X_train, X_test, y_train, y_test = train_test_split(X, y, test_size=0.1, random_state=13)

params = {
    "n_estimators": 500,
    "max_depth": 4,
    "min_samples_split": 5,
    "learning_rate": 0.01,
    "loss": "squared_error",
}

Fit Regression Model

Now we will initiate the gradient boosting regressors and fit it with our training data. Let's also look and the mean squared error on the test data.

reg = ensemble.GradientBoostingRegressor(**params)
reg.fit(X_train, y_train)

mse = mean_squared_error(y_test, reg.predict(X_test))
print("The mean squared error (MSE) on test set: {:.4f}".format(mse))

Plot Training Deviance

Finally, we will visualize the results.
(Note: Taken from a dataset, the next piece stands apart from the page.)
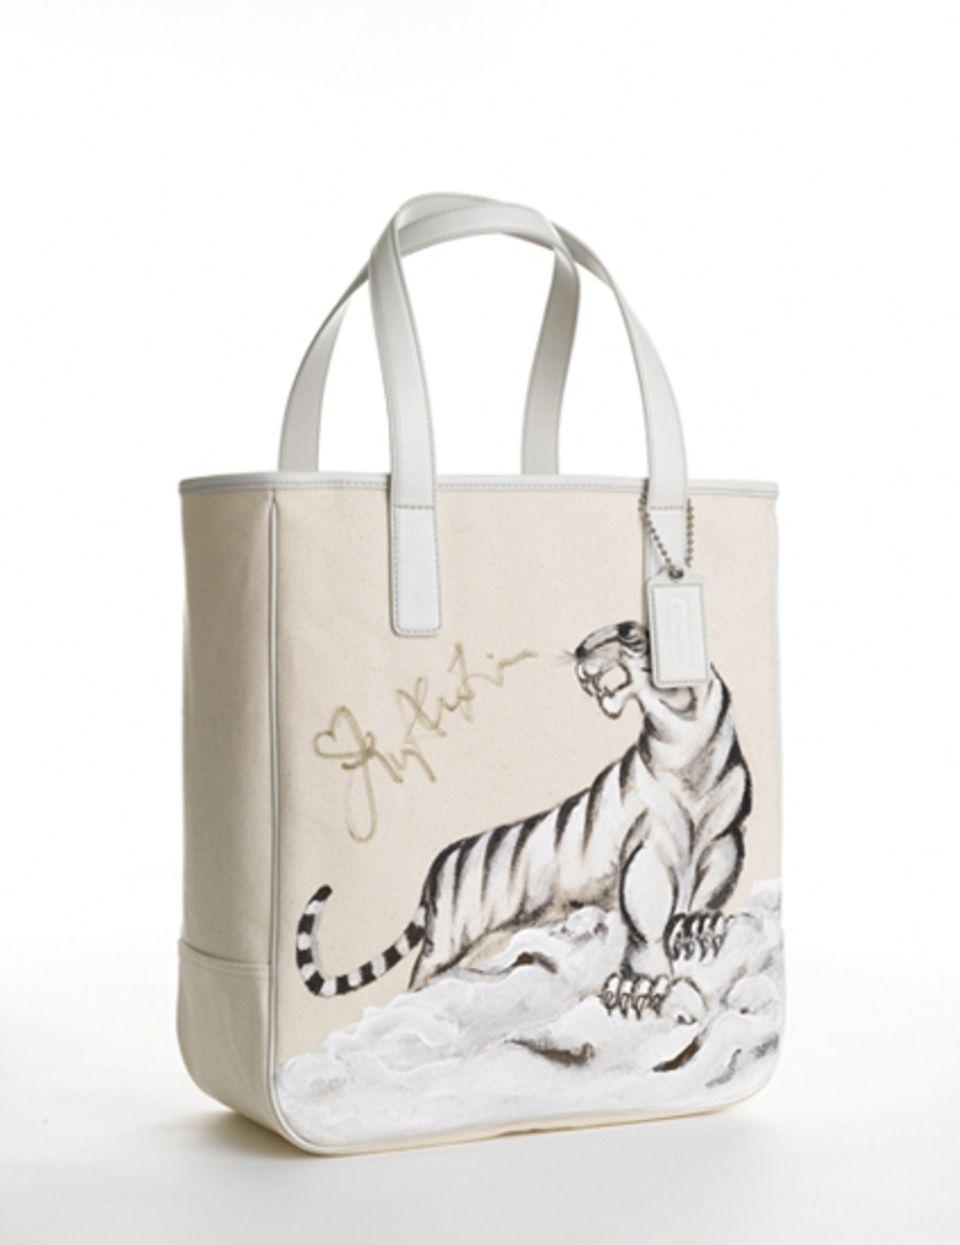 Coach bag: Lucy Liu

To do that we will first compute the test set deviance and then plot it against boosting iterations.

test_score = np.zeros((params["n_estimators"],), dtype=np.float64)
for i, y_pred in enumerate(reg.staged_predict(X_test)):
    test_score[i] = mean_squared_error(y_test, y_pred)

fig = plt.figure(figsize=(6, 6))
plt.subplot(1, 1, 1)
plt.title("Deviance")
plt.plot(
    np.arange(params["n_estimators"]) + 1,
    reg.train_score_,
    "b-",
    label="Training Set Deviance",
)
plt.plot(
    np.arange(params["n_estimators"]) + 1, test_score, "r-", label="Test Set Deviance"
)
plt.legend(loc="upper right")
plt.xlabel("Boosting Iterations")
plt.ylabel("Deviance")
fig.tight_layout()
plt.show()

Plot Feature Importance

For this example, we will use impurity-based feature importances to identify the most predictive features.

feature_importance = reg.feature_importances_
sorted_idx = np.argsort(feature_importance)
pos = np.arange(sorted_idx.shape[0]) + 0.5
fig = plt.figure(figsize=(12, 6))
plt.subplot(1, 2, 1)
plt.barh(pos, feature_importance[sorted_idx], align="center")
plt.yticks(pos, np.array(diabetes.feature_names)[sorted_idx])
plt.title("Feature Importance (MDI)")

Plot Permutation Importance

We will use the permutation method to identify the most predictive features.

result = permutation_importance(
    reg, X_test, y_test, n_repeats=10, random_state=42, n_jobs=2
)
sorted_idx = result.importances_mean.argsort()
plt.subplot(1, 2, 2)
plt.boxplot(
    result.importances[sorted_idx].T,
    vert=False,
    labels=np.array(diabetes.feature_names)[sorted_idx],
)
plt.title("Permutation Importance (test set)")
fig.tight_layout()
plt.show()

Summary

In this lab, we used Gradient Boosting to build a predictive model for diabetes regression task. We loaded the data, preprocessed it, fit the regression model, and visualized the results by plotting the training deviance, feature importance, and permutation importance.